Preparation time 10 minutes, plus 3 days brewing time

Place the ginger, sugar, cream of tartar and 200ml cold water in the jug of a liquidizer. Blend until smooth, then pour into a large bowl. Add 2.3 litres boiling water, and the lemon, then cool until it is just warm to the touch, or a temperature probe registers 38ºC.

Now place the yeast in a small bowl, stir in a tablespoonful of the liquid and mix to blend. Add this mixture to the remainder of the cooled liquid and leave overnight.

Sterilise the bottles: remove any rubber seals, then place the washed bottles on a baking sheet lined with newspaper and put them in a low oven heated to 120ºC/ gas mark 1⁄2 for half an hour. Place the rubber seals in a

small pan of boiling water and simmer for 5 minutes, then allow them to air dry on a tray covered with a clean cloth.
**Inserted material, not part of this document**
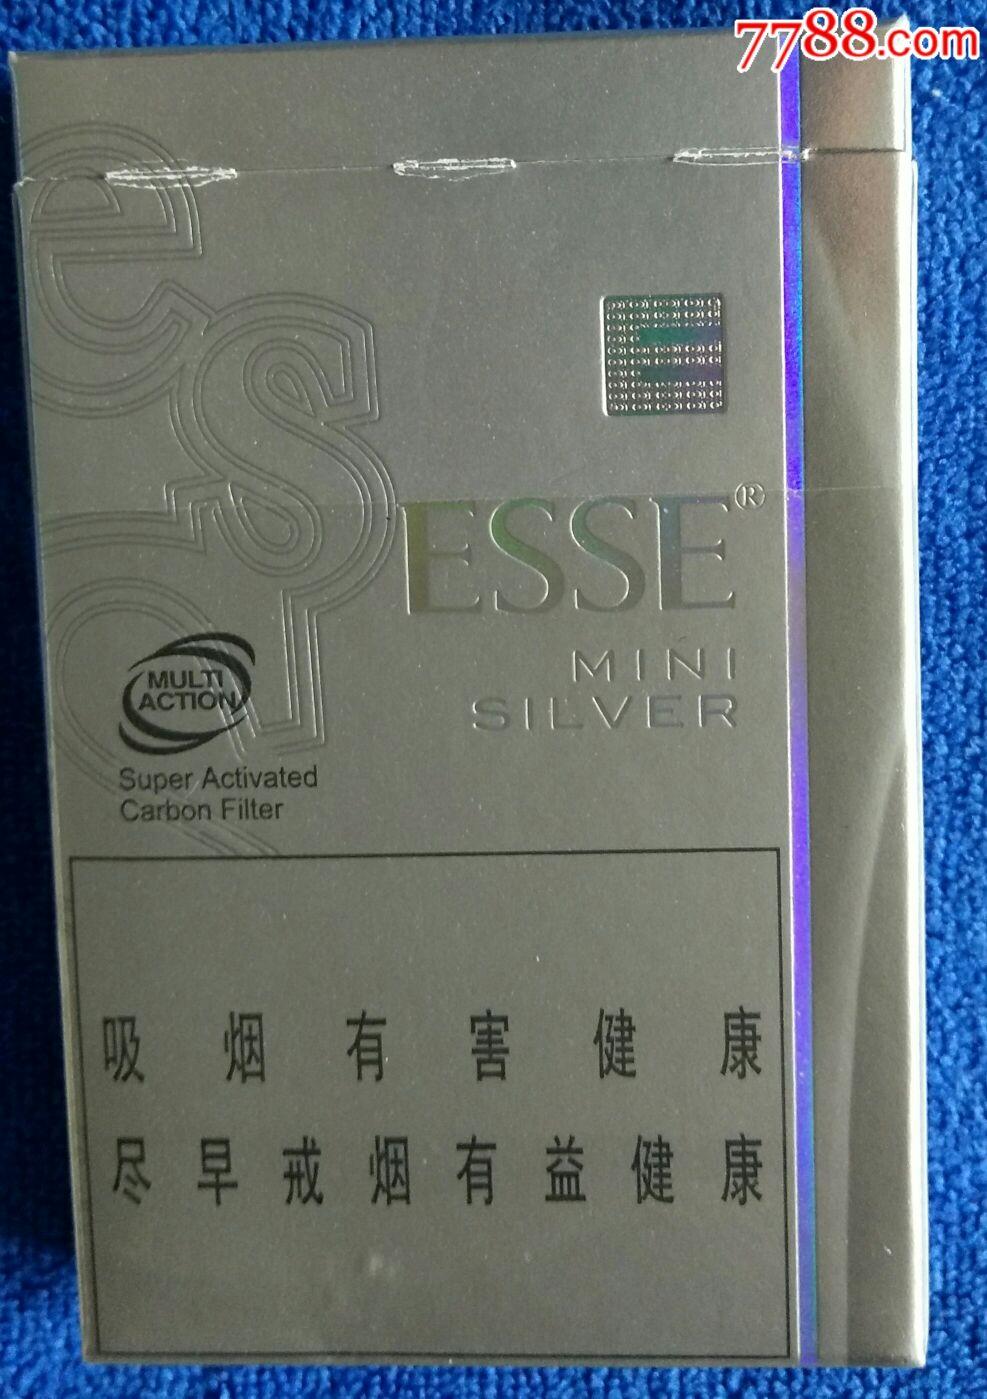 esse香烟_esse超细香烟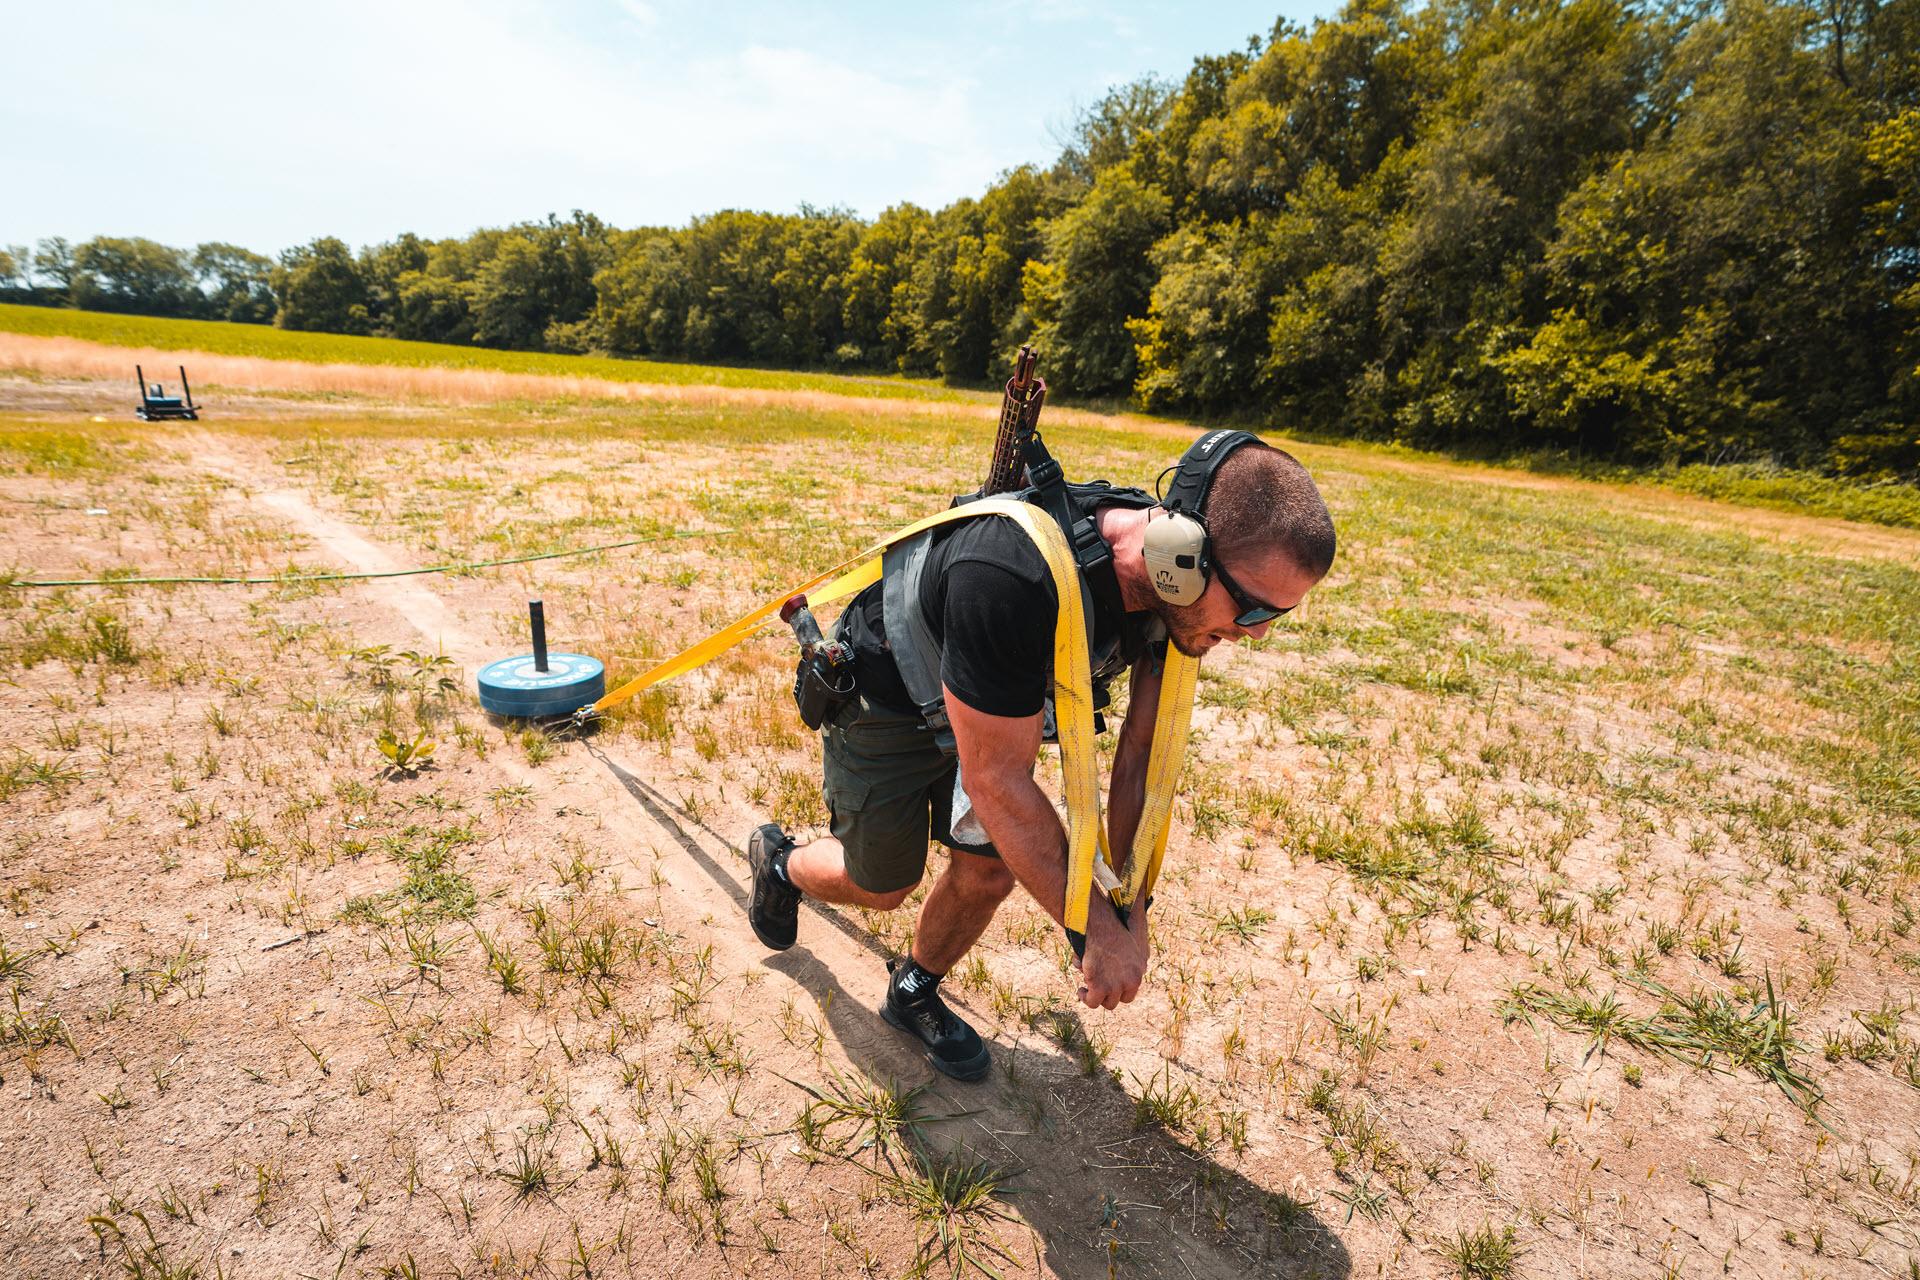 Jacob Heppner Pulling a Sled

Leave the bottles in the oven to cool, then replace the seals and seal until you are ready to fill them.

Strain the mixture through a fine sieve into a large jug for ease of pouring and decant into the bottles. Wrap each bottle in a few layers of newspaper and stand them in a bucket covered with a towel in case of an explosion. Store them at room temperature.

After 3 days place the bucket in a sink, lift off the towel and unwrap and open as many bottles as you need. To serve, place 1⁄2 tsp caster sugar in the bottom of each glass, add a few ice cubes and top up with the beer. The beer can be kept for up to 1 month in a cool, dark place.